## WORK TASK
From the line containing "PuppetART_banana-for-turtle-06.jpg" down to the line containing "Magic Swiss Card Clock by Urs Auckenthaler", copy out the entries below exactly, both lines included, and nothing else; pictures do not belong in the copy.

## DATASET EXCERPTS
/---

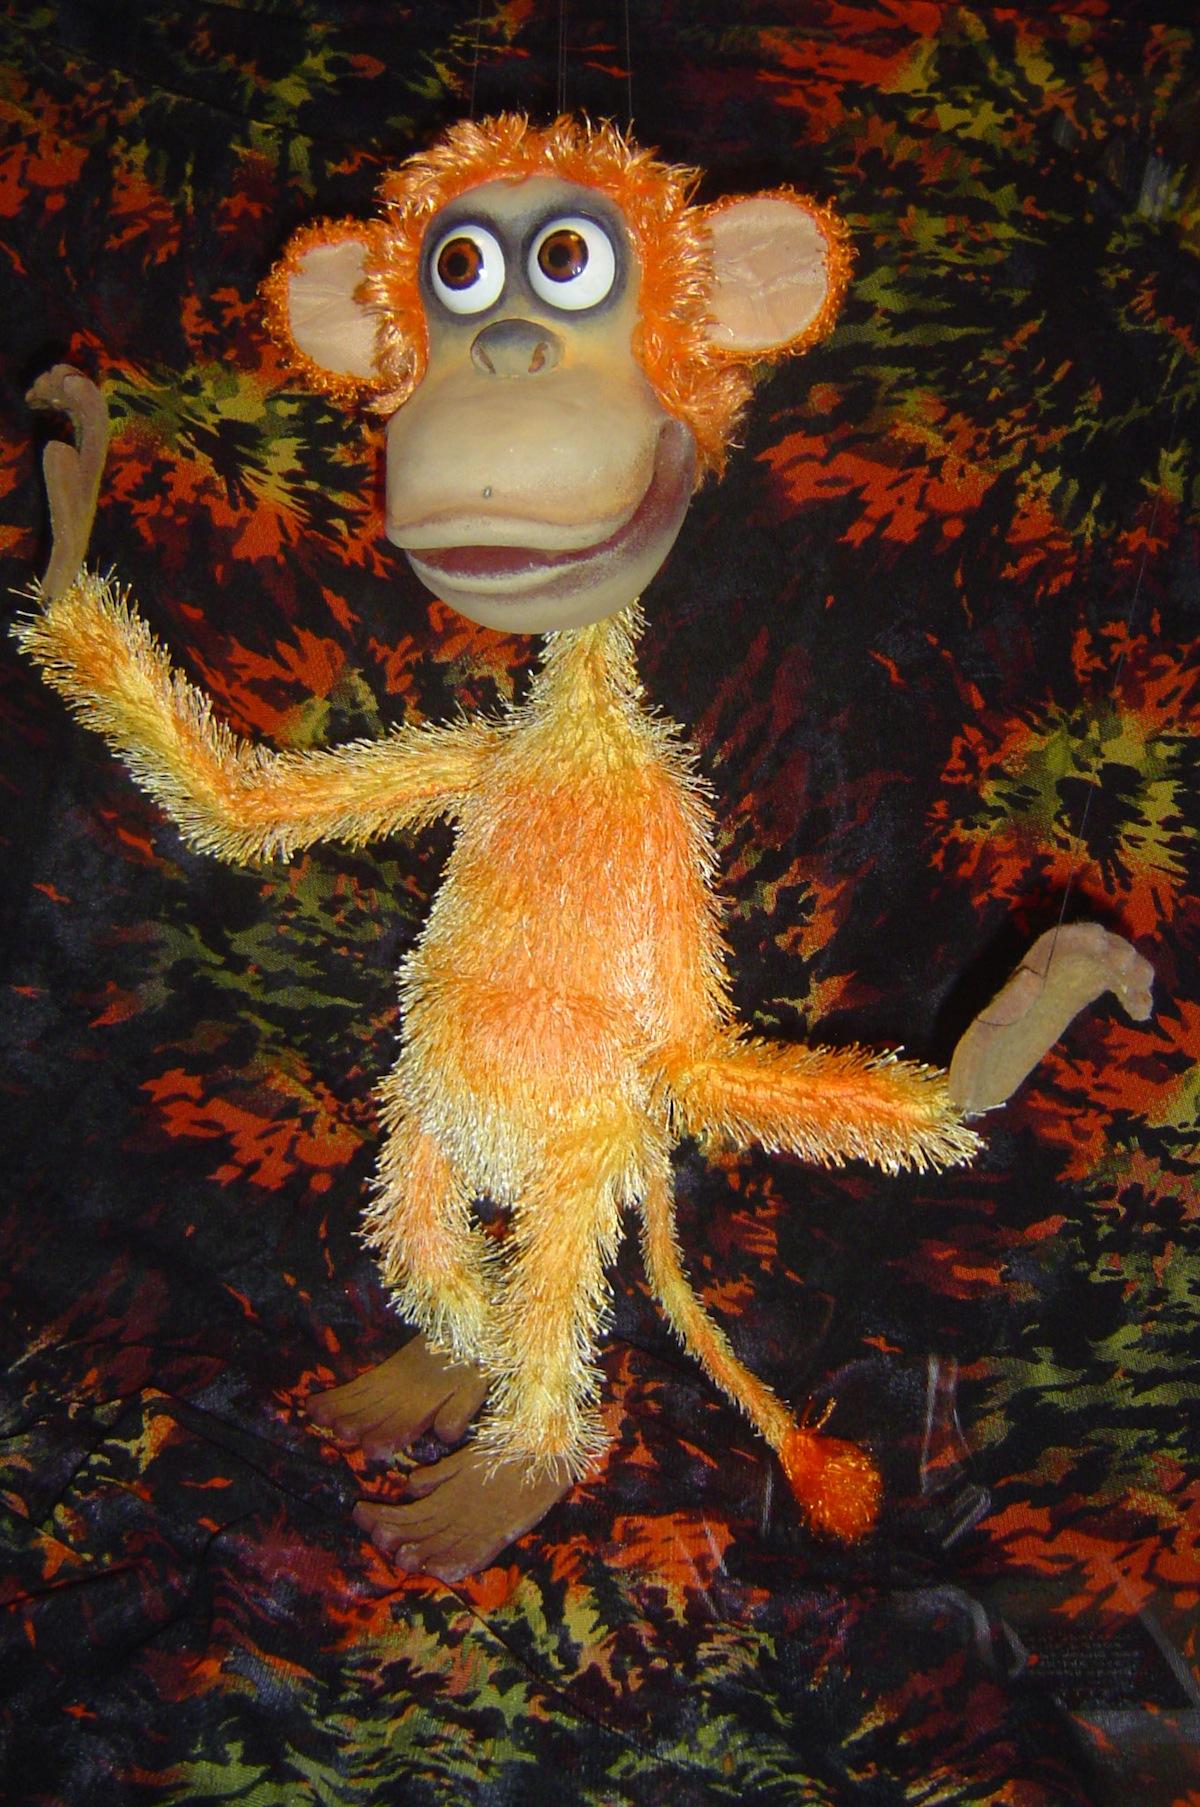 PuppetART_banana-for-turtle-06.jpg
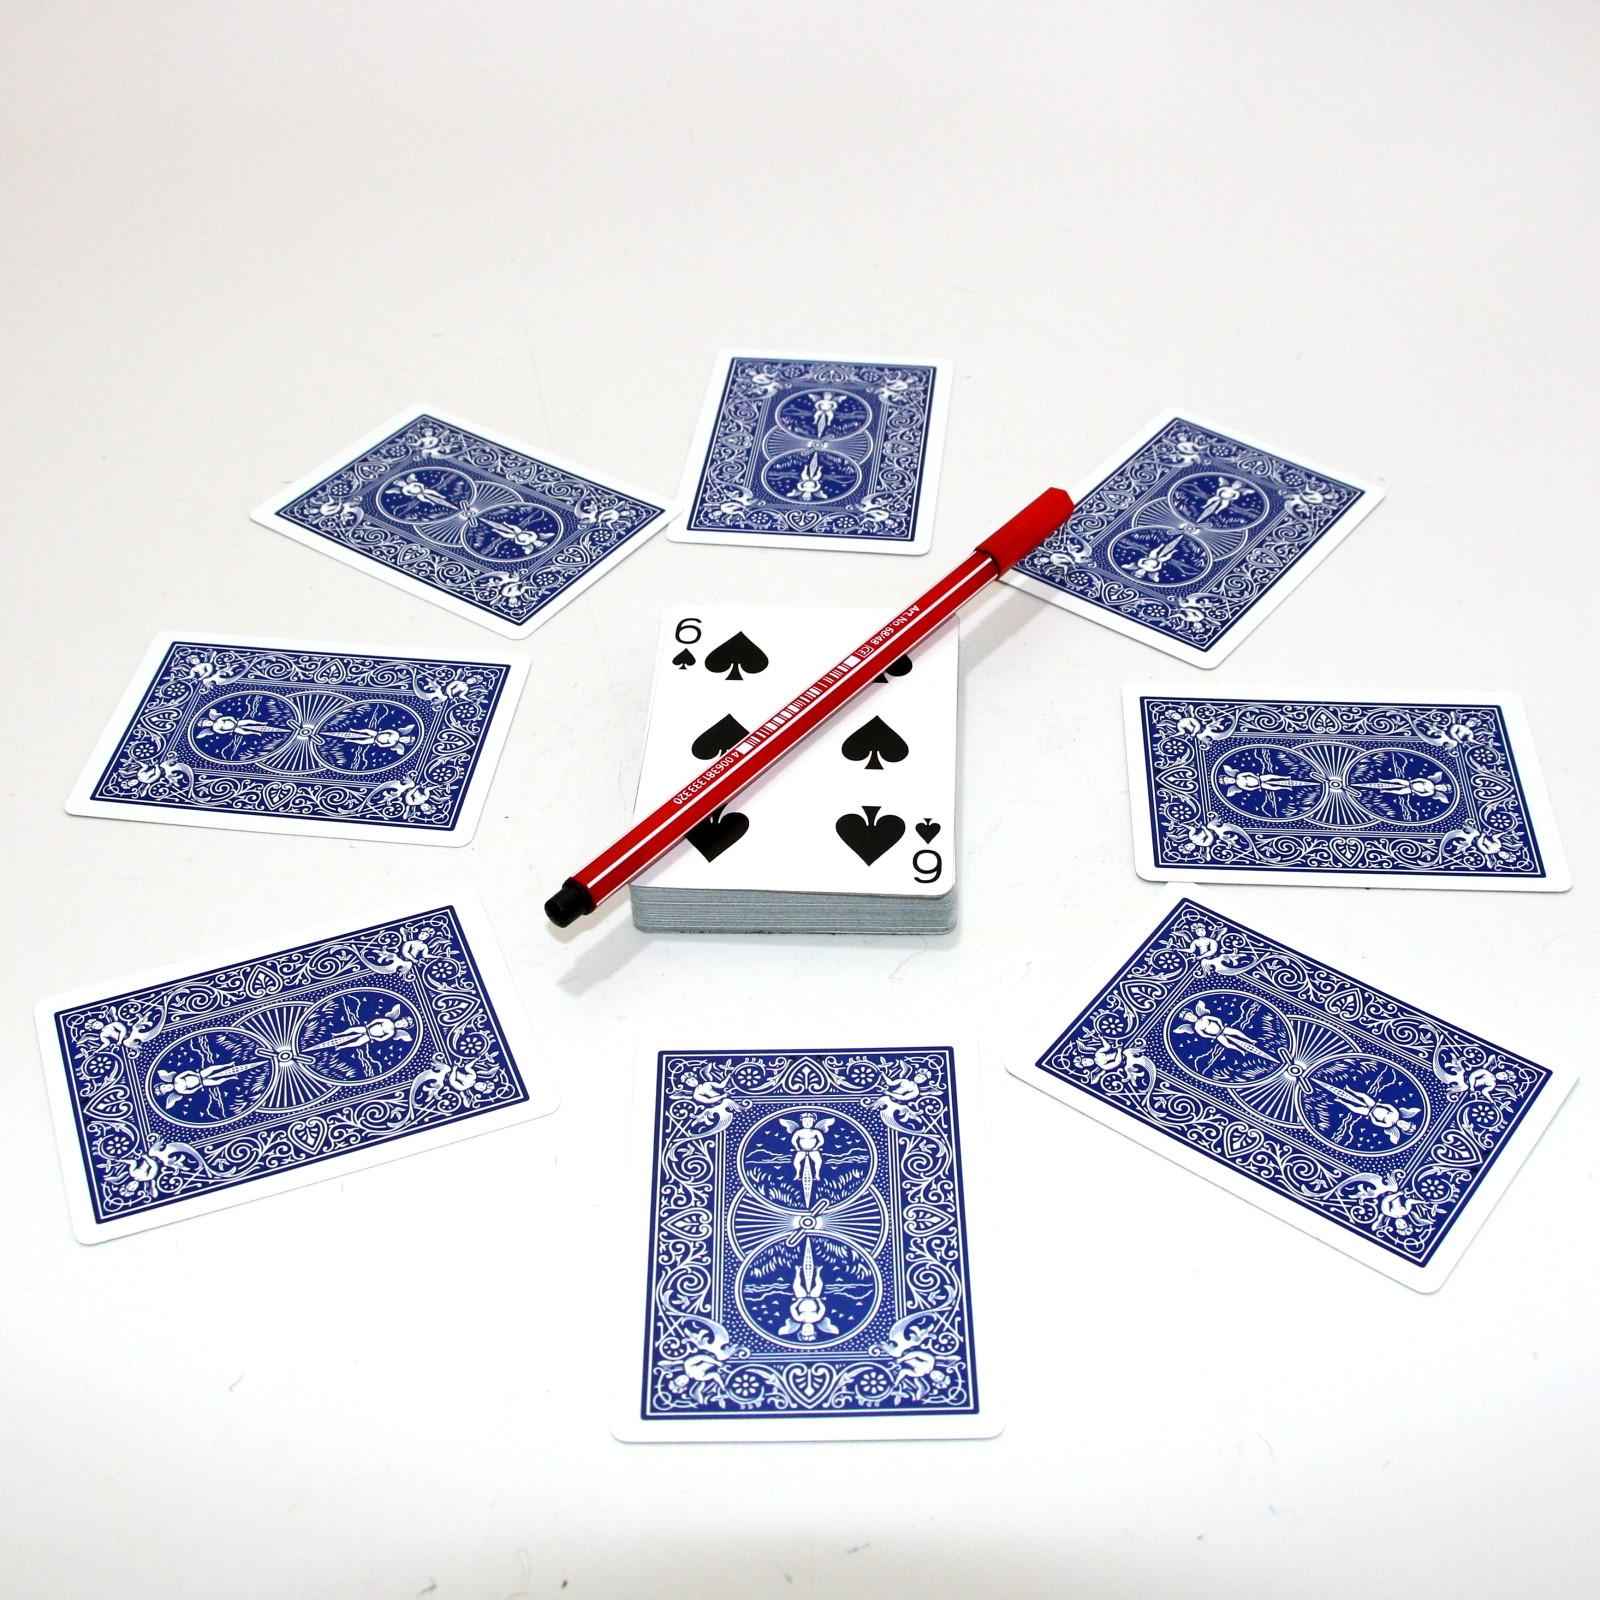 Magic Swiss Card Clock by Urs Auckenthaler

\---
/---

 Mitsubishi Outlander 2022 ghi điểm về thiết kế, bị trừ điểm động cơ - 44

\---

## COMPLETED EXERCISE
 PuppetART_banana-for-turtle-06.jpg
 Magic Swiss Card Clock by Urs Auckenthaler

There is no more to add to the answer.